# [Task brief]
Go through the data and copy every line exactly, but not the images.

# [Information provided]
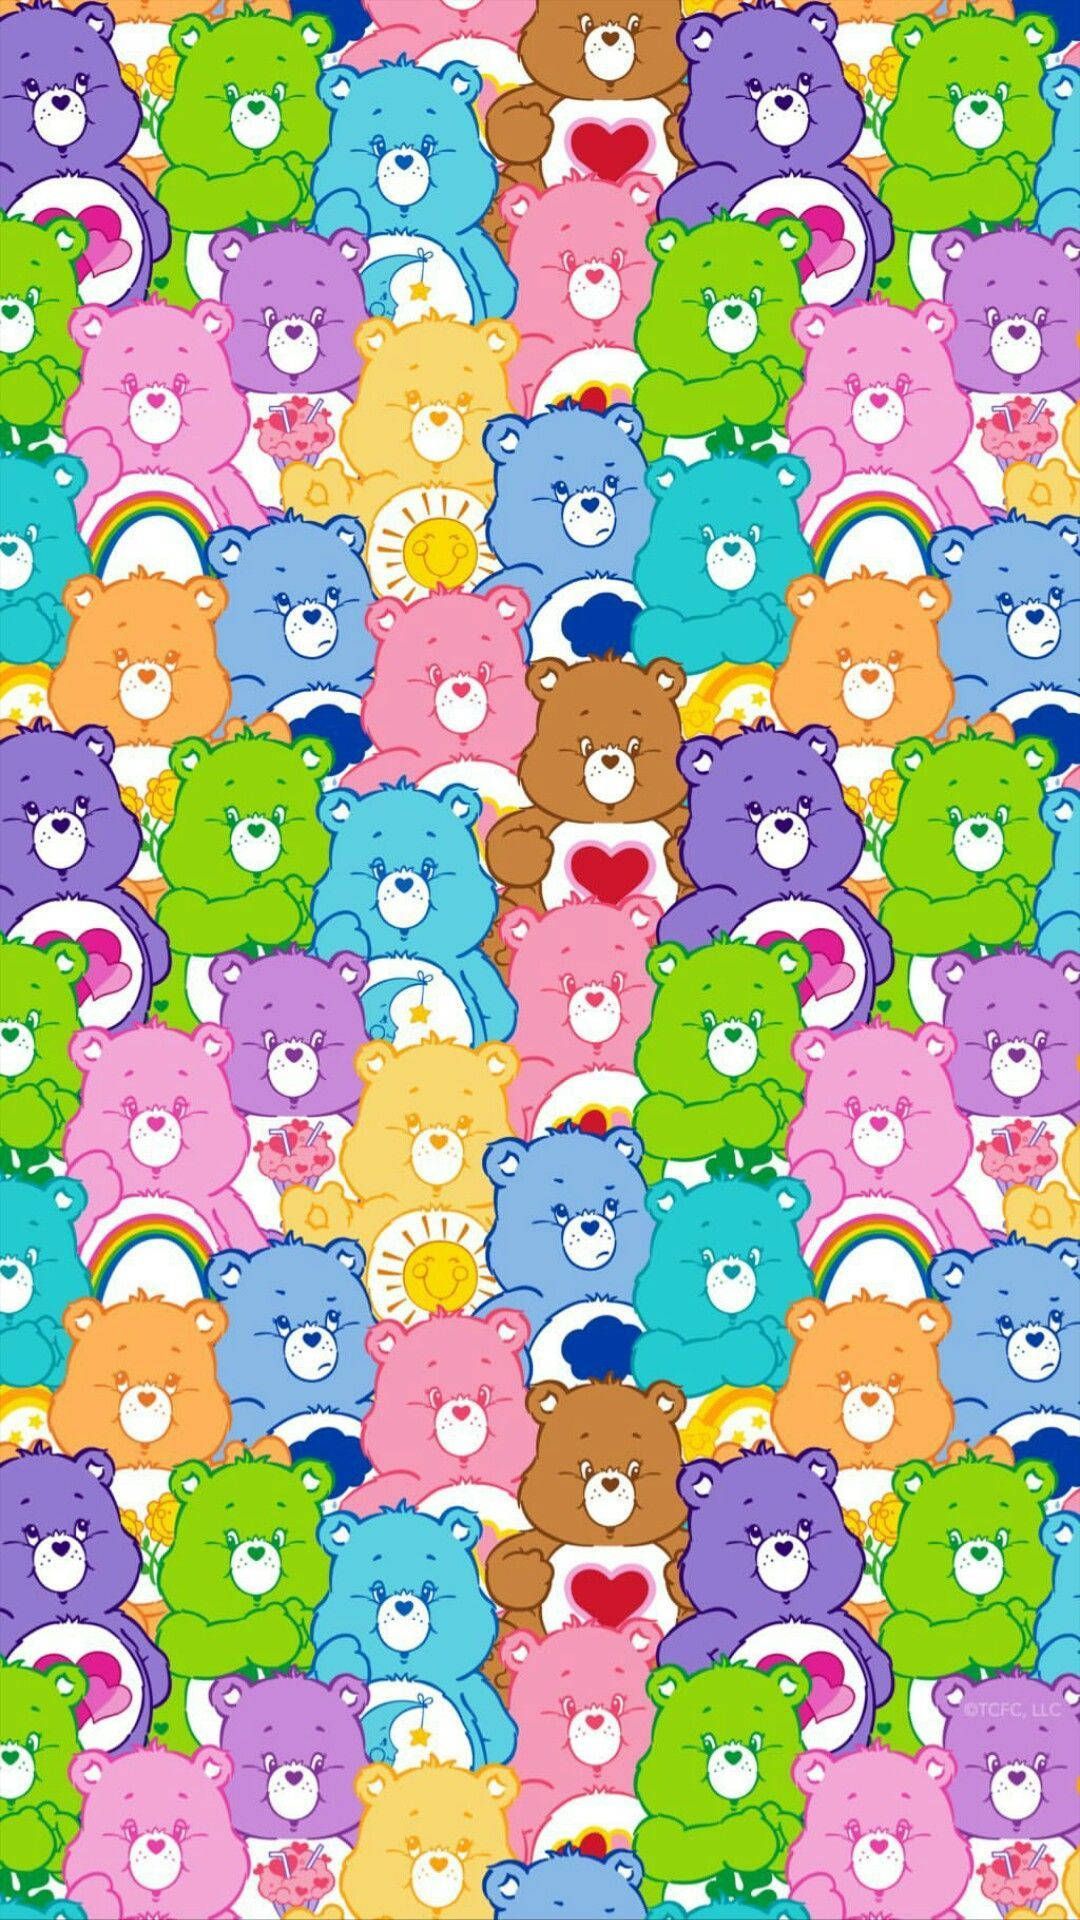 Care Bears Wallpaper for iPhone with high-resolution 1080x1920 pixel. You can use this wallpaper for your iPhone 5, 6, 7, 8, X, XS, XR backgrounds, Mobile Screensaver, or iPad Lock Screen - Kidcore
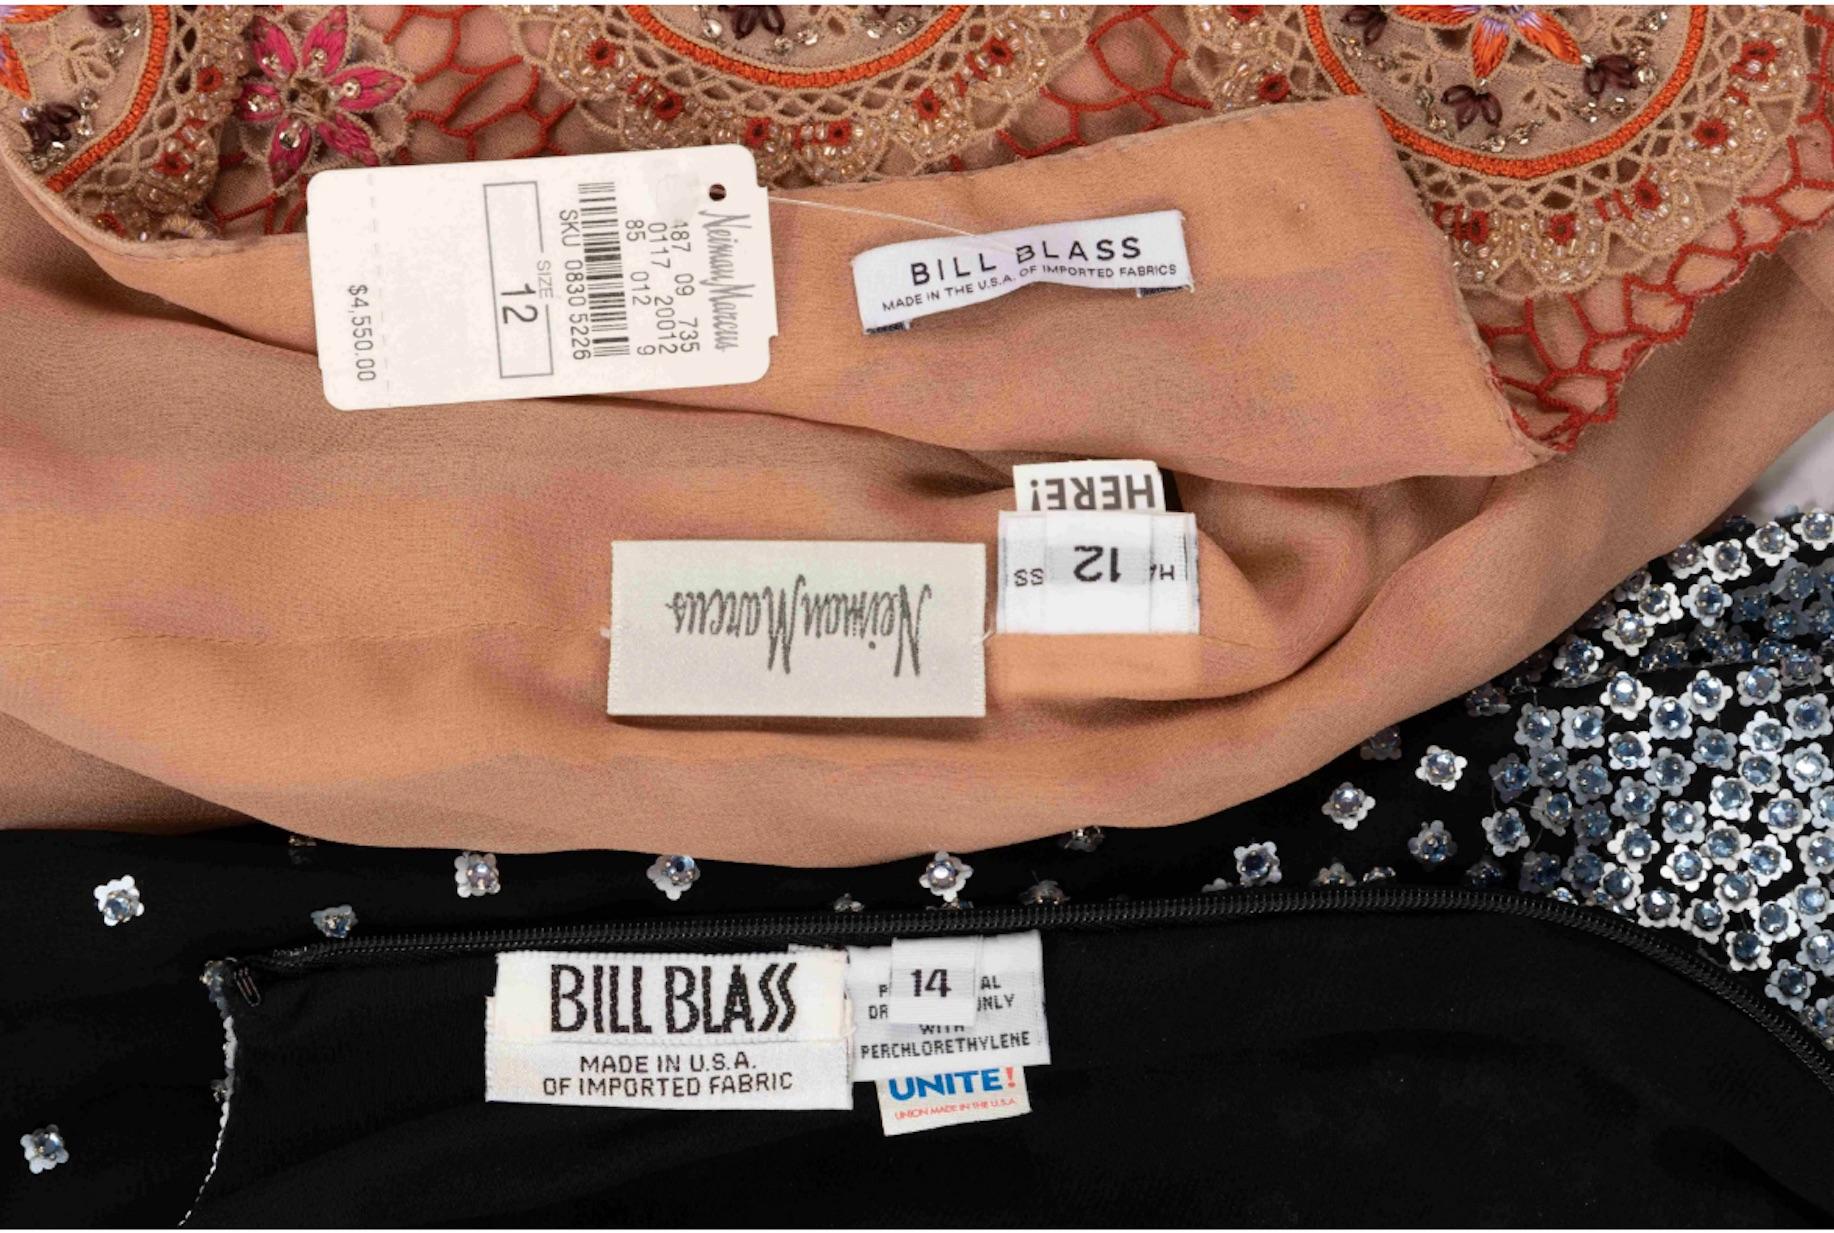 Brown Two Bill Blass Couture Beaded Tops.  New Still Retaining Their Original Pricetag For Sale
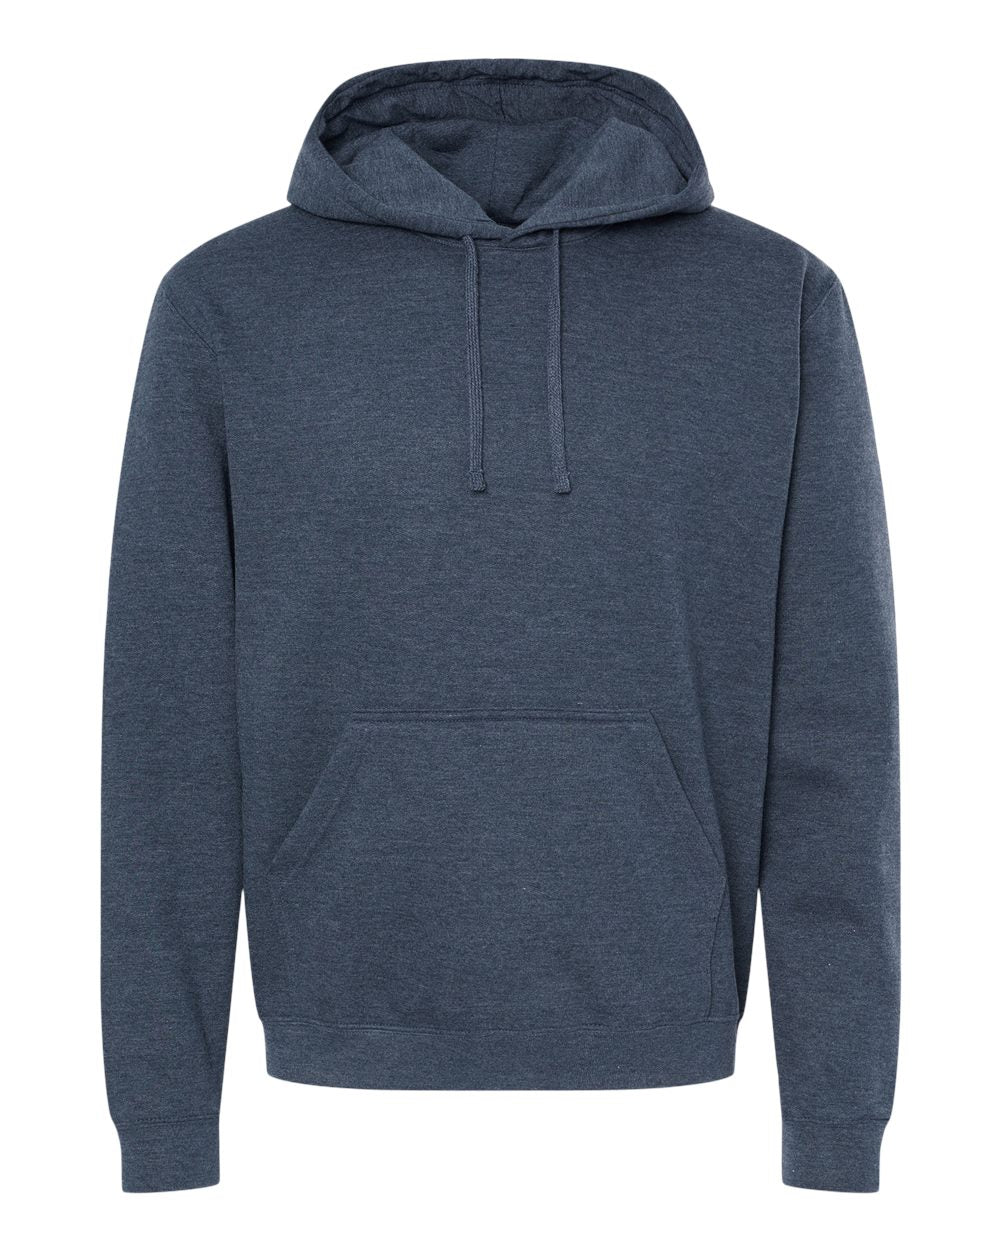 M&O Unisex Pullover Hoodie 3320 #color_Heather Navy

# [Answer for this exercise]
 Care Bears Wallpaper for iPhone with high-resolution 1080x1920 pixel. You can use this wallpaper for your iPhone 5, 6, 7, 8, X, XS, XR backgrounds, Mobile Screensaver, or iPad Lock Screen - Kidcore
 Brown Two Bill Blass Couture Beaded Tops.  New Still Retaining Their Original Pricetag For Sale
 M&O Unisex Pullover Hoodie 3320 #color_Heather Navy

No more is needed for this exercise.